In the summer of 2008, David Minor, a UO graduate student and general manager of Jo Federigo’s restaurant, was riding on Willamette Street when he turned left onto 13th Avenue and was struck and killed by a motorist. He was 27.
His parents, Susan and John Minor, have pushed for safer biking zones in Eugene and donated $150,000 in David’s memory last year to support LiveMove’s two-way design. They would like the corridor to be named “David Minor Bikeway” in his memory, and many community members are actively working to make this idea into a reality.
LiveMove’s original research and design work, along with the Minors’s financial pledge, put the corridor officially onto the city’s agenda. On Dec. 4, 2013, the city of Eugene hosted a public meeting to hear community perspective on the potential redesign of 13th Avenue and to consider the alternatives of building the passageway on 11th or 12th avenues, which Schlossberg and Meltzer agree are more indirect and inconvenient routes.
There has been generally supportive feedback from Eugene Mayor Kitty Piercy, city staff members, development professionals, community members, and many UO faculty, students, and staff.
The University of Oregon has not yet officially endorsed this project, which would serve the many commuters who take 13th Avenue each day. Karen Hyatt, assistant director of government and community relations for UO, said that despite support, it would be “atypical” of UO to officially endorse a project of this type outside the campus’s parameters.

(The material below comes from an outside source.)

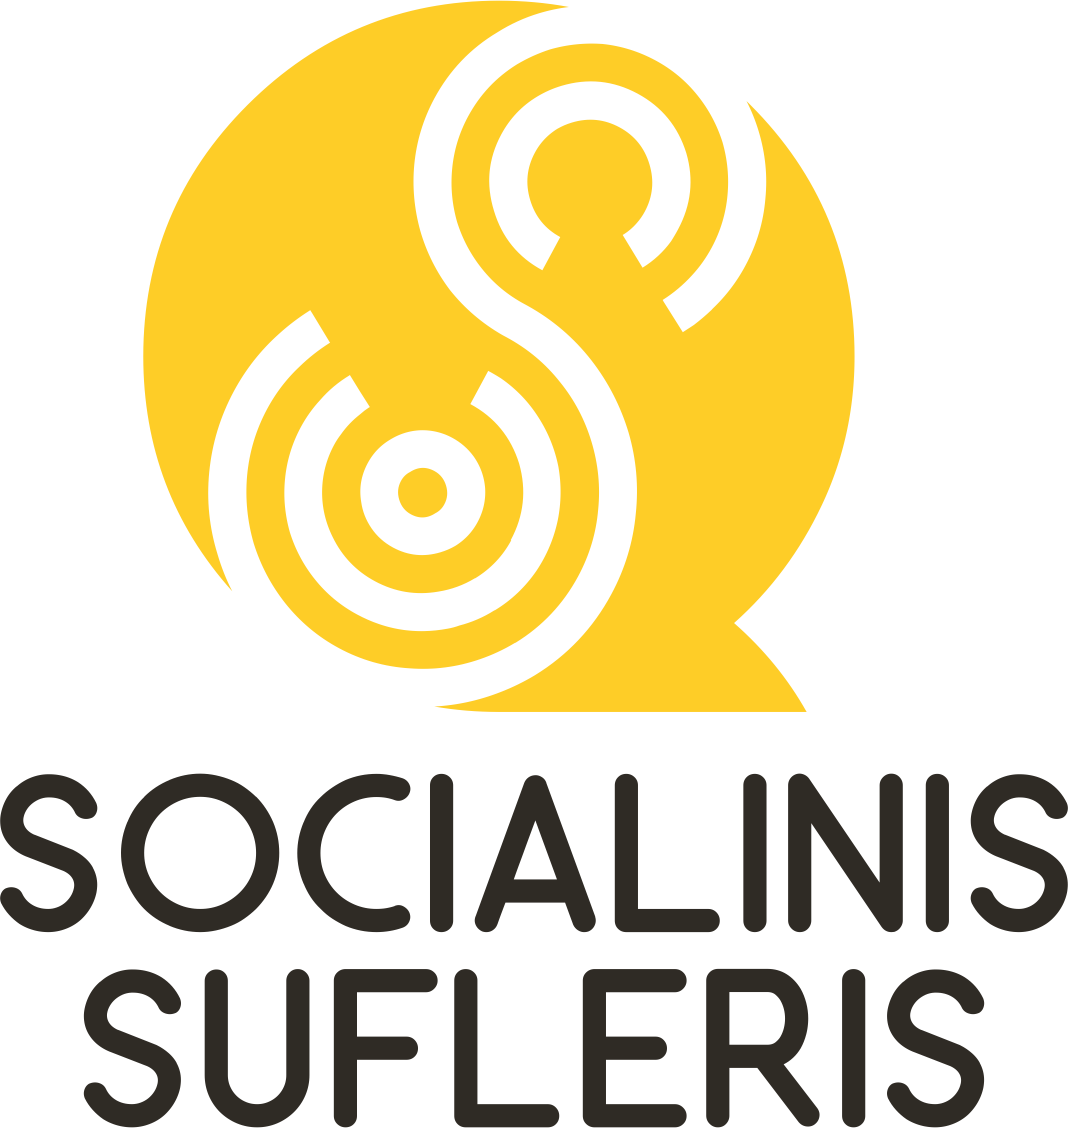 socialinis-sufleris-logo

“The truth of the matter is that there are cities innovating with this type of design all over the place and Eugene has suddenly gone from a city that was at the forefront of bike design to not,” said Schlossberg. “This design might help the city get back on that track and would be a tremendous selling point for the university and its future students, faculty, and staff who are actively engaged and committed to making a more sustainable campus and community.”